Understanding Routing-Induced Censorship Changes Globally

Internet censorship is pervasive, with significant effort dedicated to understanding what is censored, and where. Prior censorship work however have identified significant inconsistencies in their results; experiments show unexplained non-determinism thought to be caused by censor load, end-host geographic diversity, or incomplete censorship -- inconsistencies which impede reliable, repeatable and correct understanding of global censorship. In this work we investigate the extent to which Equal-cost Multi-path (ECMP) routing is the cause for these inconsistencies, developing methods to measure and compensate for them. We find ECMP routing significantly changes observed censorship across protocols, censor mechanisms, and in 17 countries. We identify that previously observed non-determinism or regional variations are attributable to measurements between fixed end-hosts taking different routes based on Flow-ID; i.e., choice of intra-subnet source IP or ephemeral source port leads to differences in observed censorship. To achieve this we develop new route-stable censorship measurement methods that allow consistent measurement of DNS, HTTP, and HTTPS censorship. We find ECMP routing yields censorship changes across 42% of IPs and 51% of ASes, but that impact is not uniform. We identify numerous causes of the behavior, ranging from likely failed infrastructure, to routes to the same end-host taking geographically diverse paths which experience differences in censorship en-route. Finally, we explore our results in the context of prior global measurement studies, exploring first the applicability of our findings to prior observed variations, and then demonstrating how specific experiments from two studies could be impacted by, and specific results are explainable by, ECMP routing. Our work points to methods for improving future studies, reducing inconsistencies and increasing repeatability.
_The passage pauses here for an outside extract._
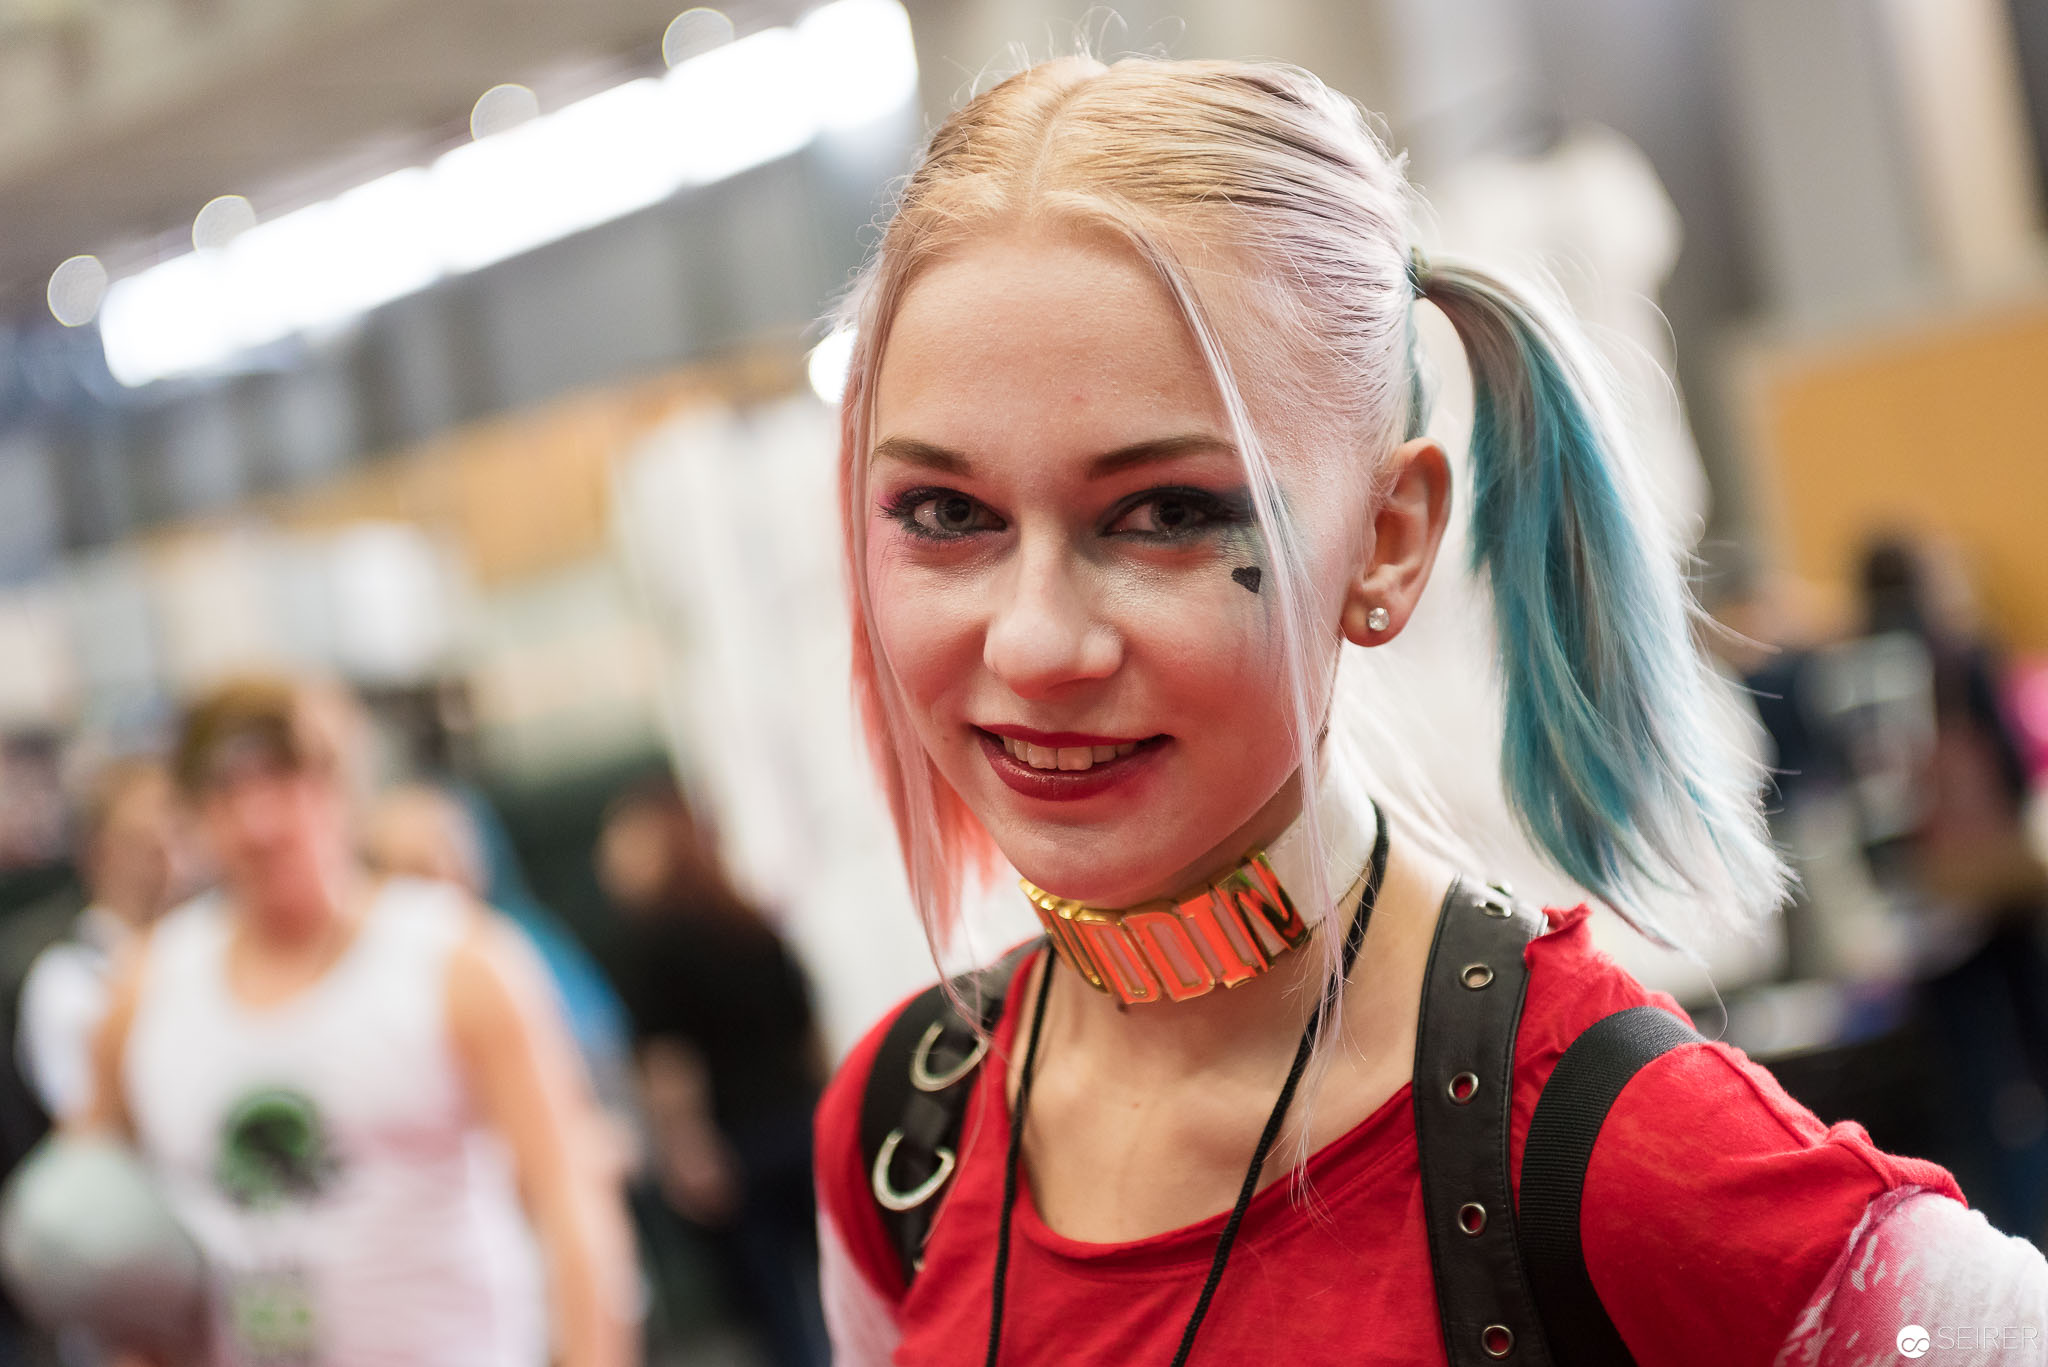  Vienna ComicCon 2016 - (c) Seirer Photography

翻译：互联网审查普遍存在，大量研究工作致力于理解审查内容及其地域分布。然而，先前的审查研究已发现其研究结果存在显著的不一致性；实验显示出无法解释的非确定性，这被认为是由审查负载、终端主机地理分布差异或不完全审查所导致——这些不一致性阻碍了对全球审查进行可靠、可重复且准确的理解。在本研究中，我们探究了等价多路径（ECMP）路由在多大程度上是导致这些不一致性的原因，并开发了测量及补偿这些影响的方法。我们发现ECMP路由显著改变了跨协议、跨审查机制以及在17个国家观察到的审查情况。我们确认先前观察到的非确定性或区域差异可归因于固定终端主机之间的测量基于流标识（Flow-ID）选择了不同路由；即，子网内源IP地址或临时源端口的选择会导致观察到的审查差异。为此，我们开发了新的路由稳定审查测量方法，能够对DNS、HTTP和HTTPS审查进行一致性测量。我们发现ECMP路由导致42%的IP地址和51%的自治系统（AS）出现审查变化，但其影响并不均匀。我们识别了该行为的多种成因，包括可能的基础设施故障，以及通往同一终端主机的路由选择了地理分布不同的路径，这些路径在途中经历了不同的审查。最后，我们在先前全球测量研究的背景下探讨了我们的结果：首先分析了我们的发现对先前观察到的变异的适用性，随后通过两个具体研究中的实验案例，展示了ECMP路由如何可能影响特定实验，以及特定结果如何可通过ECMP路由得到解释。我们的研究为改进未来研究、减少不一致性并提高可重复性指明了方法。